**Data**.
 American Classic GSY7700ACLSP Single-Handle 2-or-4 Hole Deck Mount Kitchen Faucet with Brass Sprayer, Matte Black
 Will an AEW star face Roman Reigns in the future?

---

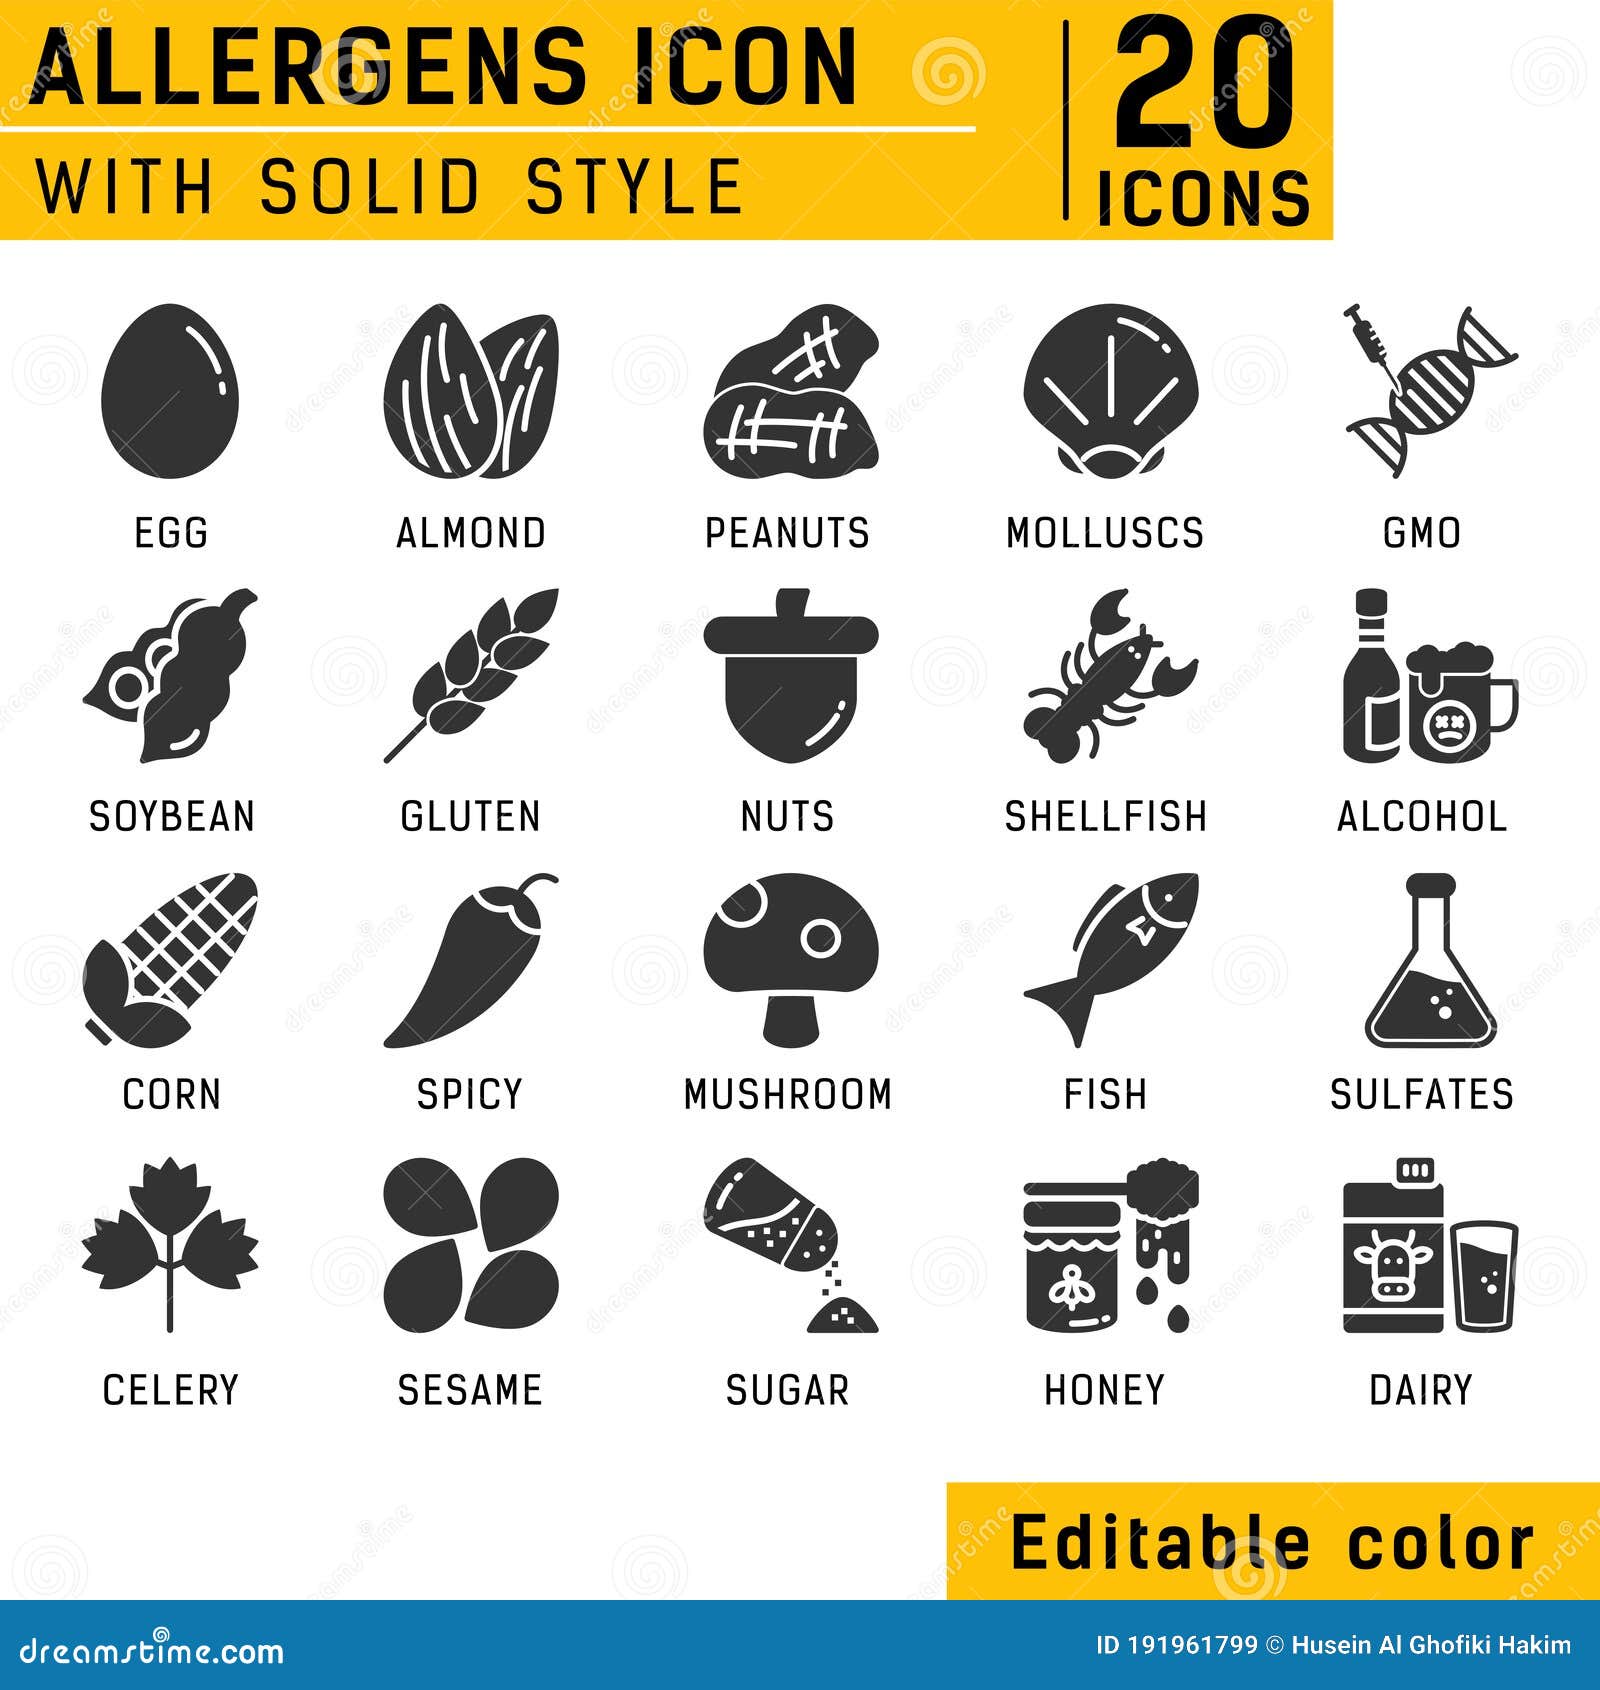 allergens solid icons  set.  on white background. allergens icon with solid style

**Exercise prompt**. Out of the entries above, write out only the lines between the line holding "American Classic GSY7700ACLSP" and the line holding "Will an AEW", inclusive, each exactly as given.

**Task answer**.
 American Classic GSY7700ACLSP Single-Handle 2-or-4 Hole Deck Mount Kitchen Faucet with Brass Sprayer, Matte Black
 Will an AEW star face Roman Reigns in the future?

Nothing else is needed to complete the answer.